I would appreciate the examples of statements used for fencing the table for the Lord's Supper.

The OPC BCO has a very long statement. It is (In my humble opinion) way too complicated for most visitors to understand, although it covers the bases very thoroughly.

Which statements do you recommend?

Thanks,

Jim Williams


----------



## wsw201 (Feb 14, 2008)

I would go with the OPC one myself! Hopefully the pastor would explain exactly what was meant by that statement in the OPC BCO.


----------



## Pergamum (Feb 14, 2008)

Can you post it here?


----------



## Pilgrim (Feb 15, 2008)

Pergamum said:


> Can you post it here?



From the OPC Book of Church Order Ch. 4.C.2



> It is my solemn duty to warn the uninstructed, the profane, the scandalous, and those who secretly and impenitently live in any sin, not to approach the holy table lest they partake unworthily, not discerning the Lord's body, and so eat and drink condemnation to themselves. Nevertheless, this warning is not designed to keep the humble and contrite from the table of the Lord, as if the supper were for those who might be free from sin. On the contrary, we who are invited to the supper, coming as guilty and polluted sinners and without hope of eternal life apart from the grace of God in Christ, confess our dependence for pardon and cleansing upon the perfect sacrifice of Christ, base our hope of eternal life upon his perfect obedience and righteousness, and humbly resolve to deny ourselves, crucify our old natures, and follow Christ as becomes those who bear his name. Let us therefore, in accordance with the admonition of the apostle Paul, examine our minds and hearts to determine whether such discernment is ours, to the end that we may partake to the glory of God and to our growth in the grace of Christ.


----------



## VirginiaHuguenot (Feb 15, 2008)

In the Presbyterian Reformed Church, it goes like this:



> At the Lord's Supper the communicants sit at a common table, the elements used are bread and wine, and the table is fenced by a prior admonition. Visitors from other churches are admitted to the Lord's table after examination by the session.

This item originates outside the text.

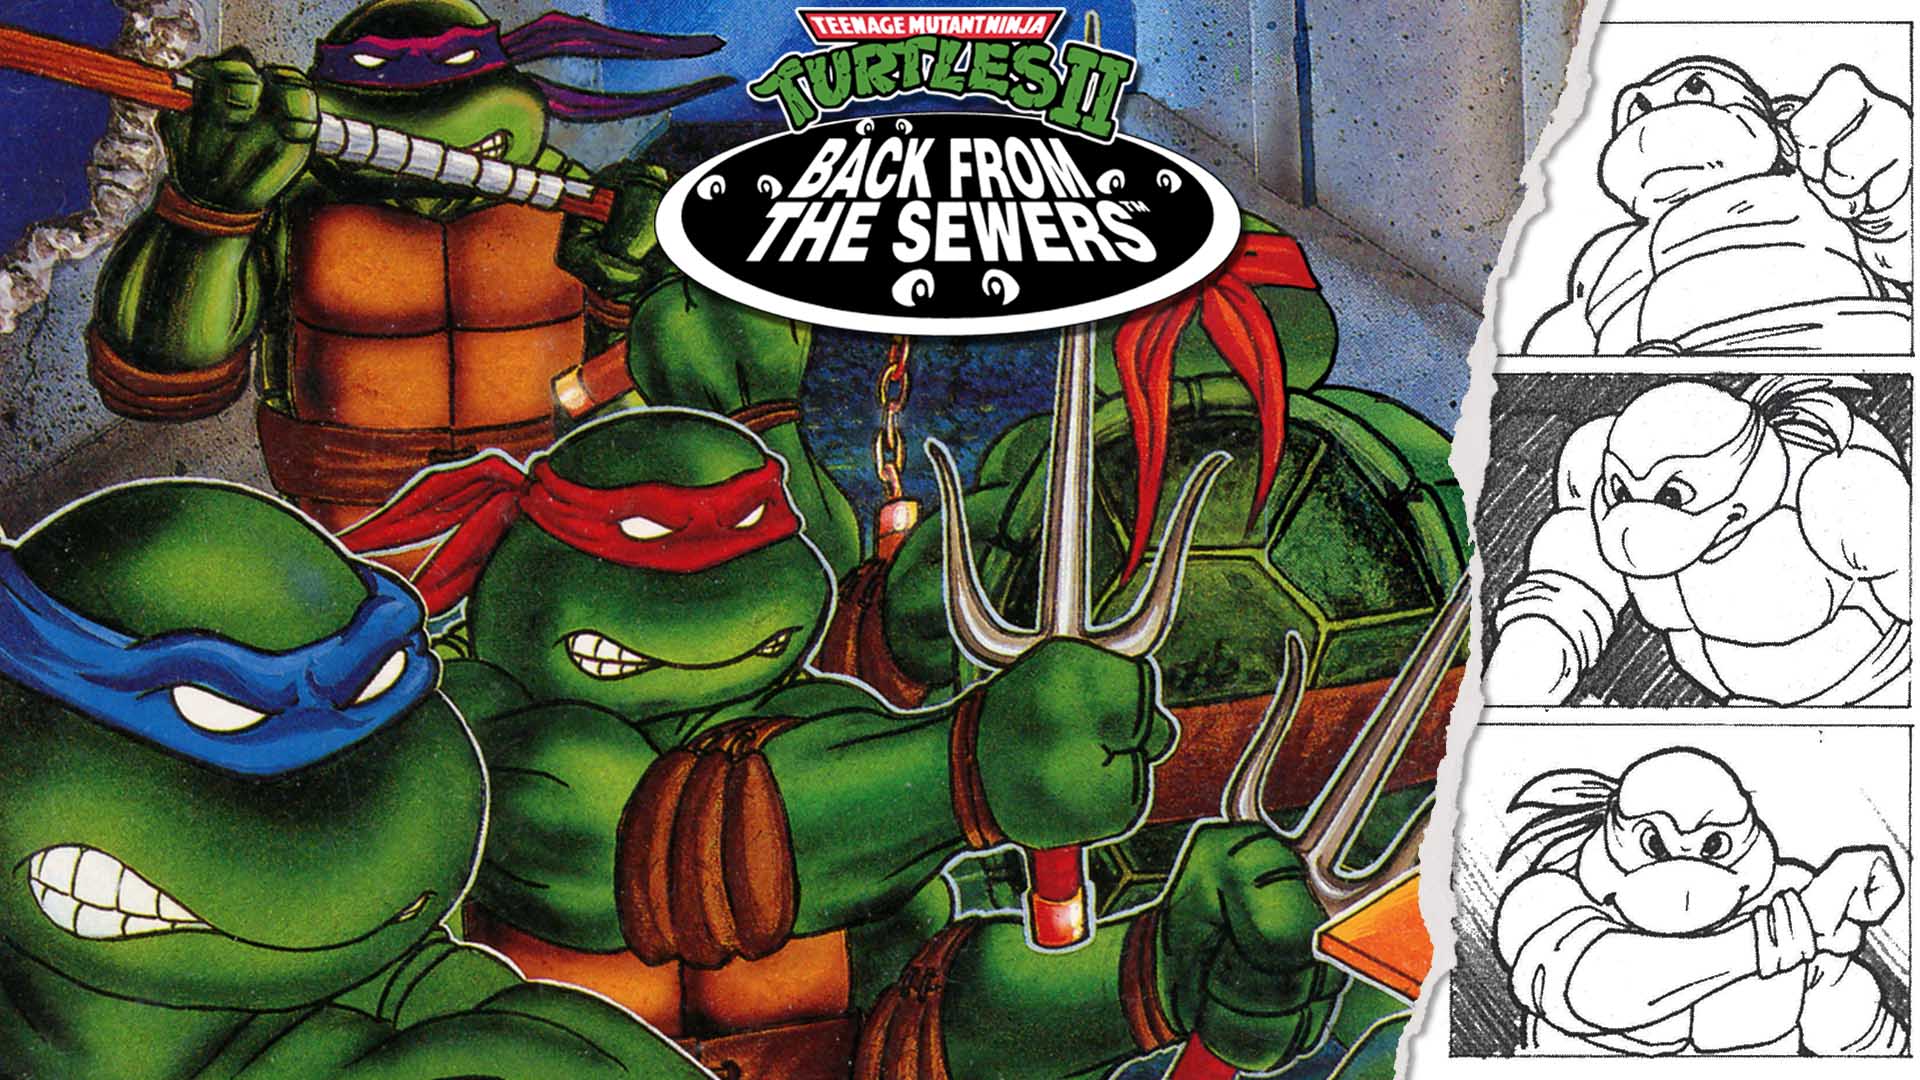 Turtles collections. Cowabunga Черепашки ниндзя. Teenage Mutant Ninja Turtles: the Cowabunga collection. Cowabunga Черепашки ниндзя боссы. TMNT the Cowabunga collection PC.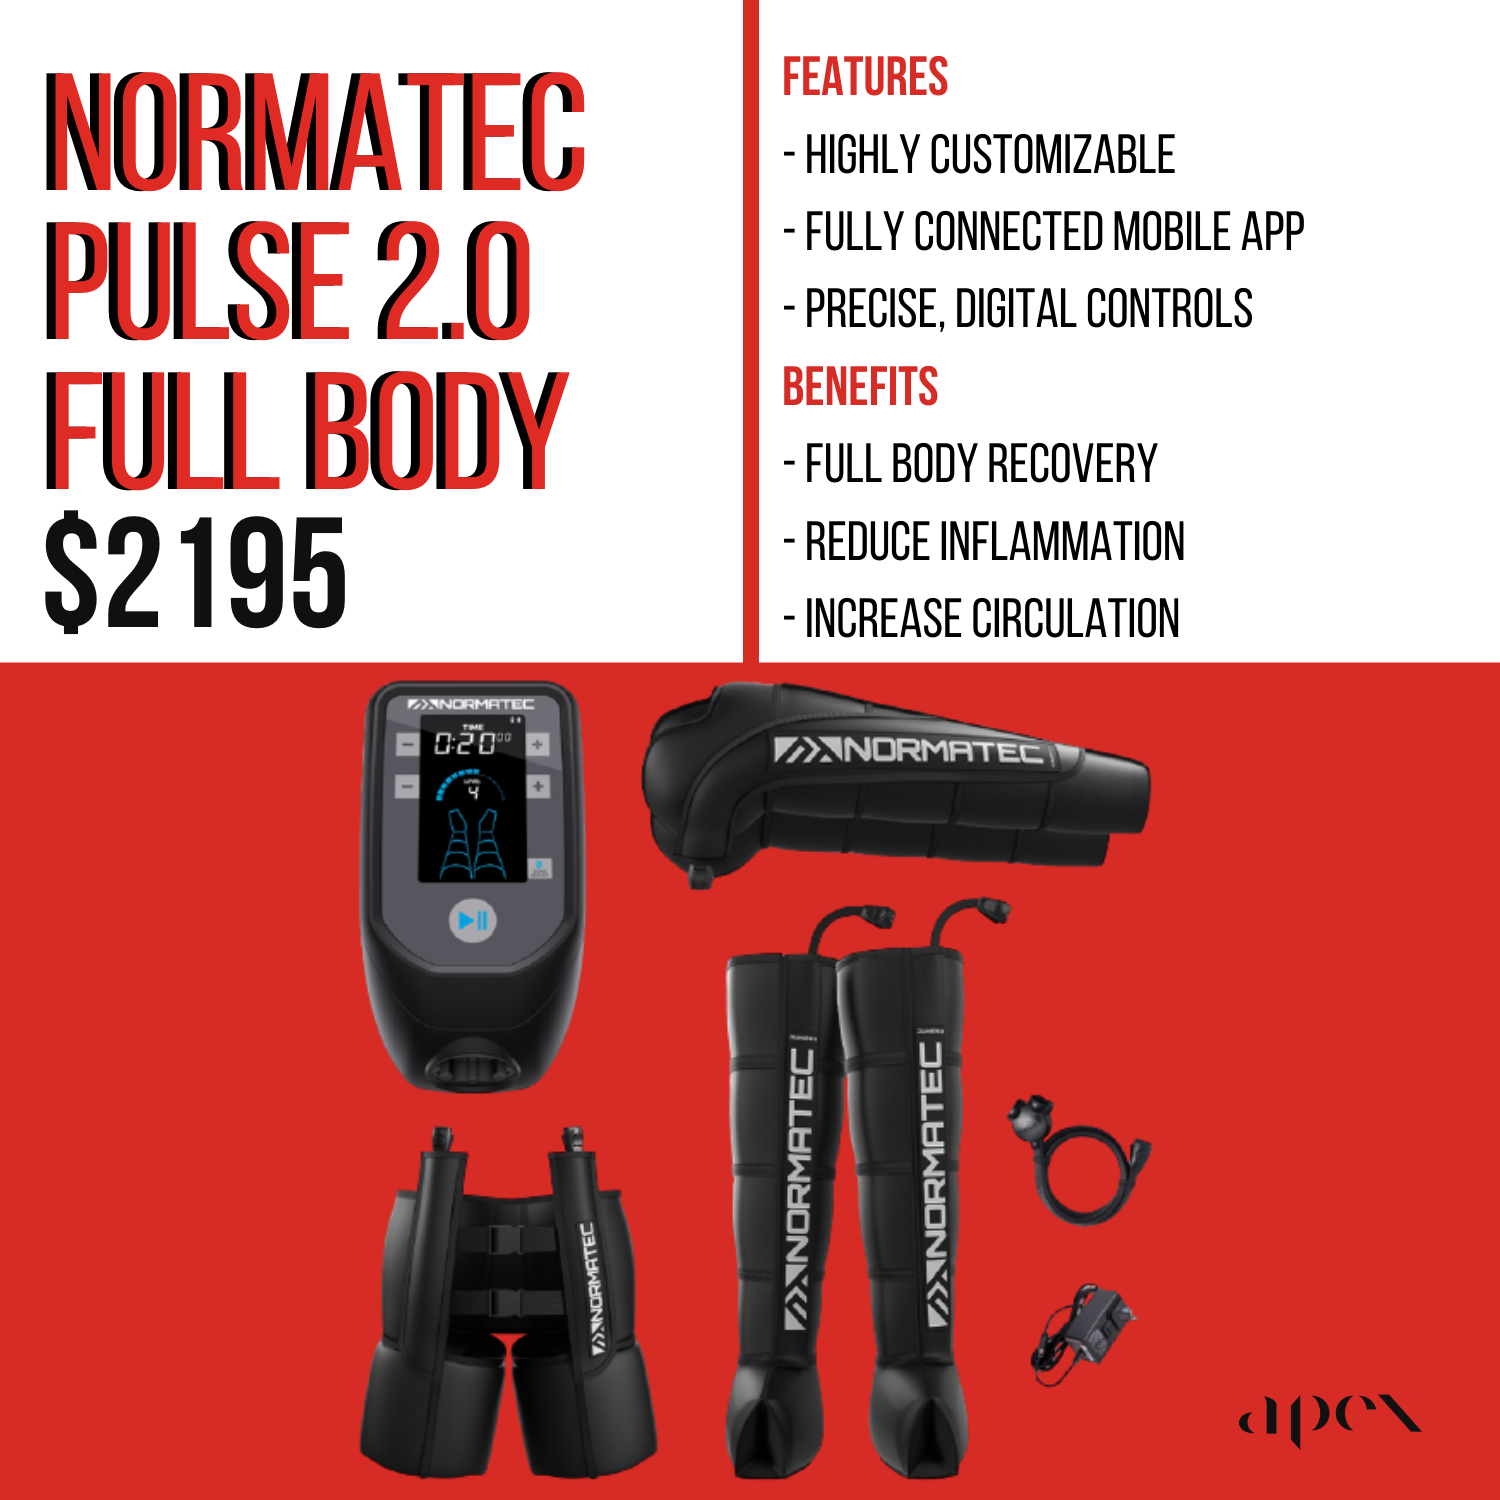 Normatec Pulse 2.0 Full body.png

Our denomination uses the Westminster Directory of Public Worship (1645):



> The ignorant and the scandalous are not fit to receive the sacrament of the Lord's Supper.
> 
> Where this sacrament cannot with convenience be frequently administered, it is requisite that publick warning be given the sabbath-day before the administration thereof: and that either then, or on some day of that week, something concerning that ordinance, and the due preparation thereunto, and participation thereof, be taught; that, by the diligent use of all means sanctified of God to that end, both in publick and private, all may come better prepared to that heavenly feast.
> 
> ...


----------



## Pergamum (Feb 15, 2008)

"Expressing the inestimable benefit we have by this sacrament, together with the ends and use thereof: setting forth the great necessity of having our comforts and strength renewed thereby in this our pilgrimage and warfare: how necessary it is that we come unto it with knowledge, faith, repentance, love, and with hungering and thirsting souls after Christ and his benefits: how great the danger to eat and drink unworthily.'


YIKES! How many of the unchurched are even going to understand that sentence much less obey it?


----------



## Pergamum (Feb 15, 2008)

Here is a dumbed-down version for my generation: "UNSAVED? DON'T EAT!"


----------



## VirginiaHuguenot (Feb 15, 2008)

Pergamum said:


> "Expressing the inestimable benefit we have by this sacrament, together with the ends and use thereof: setting forth the great necessity of having our comforts and strength renewed thereby in this our pilgrimage and warfare: how necessary it is that we come unto it with knowledge, faith, repentance, love, and with hungering and thirsting souls after Christ and his benefits: how great the danger to eat and drink unworthily.'
> 
> 
> YIKES! How many of the unchurched are even going to understand that sentence much less obey it?



It is a *directory*, a guide, as to what to say, and what principles to apply (consistent with WLC 172-173), when the minister exhorts the would-be recipients of the sacrament, rather than a liturgy to be recited exactly as written.



> Q172: May one who doubteth of his being in Christ, or of his due preparation, come to the Lord's supper?
> 
> A172: One who doubteth of his being in Christ, or of his due preparation to the sacrament of the Lord's supper, may have true interest in Christ, though he be not yet assured thereof;[1] and in God's account hath it, if he be duly affected with the apprehension of the want of it,[2] and unfeignedly desires to be found in Christ,[3] and to depart from iniquity:[4] in which case (because promises are made, and this sacrament is appointed, for the relief even of weak and doubting Christians)[5] he is to bewail his unbelief,[6] and labor to have his doubts resolved;[7] and, so doing, he may and ought to come to the Lord's supper, that he may be further strengthened.[8]
> 
> ...


----------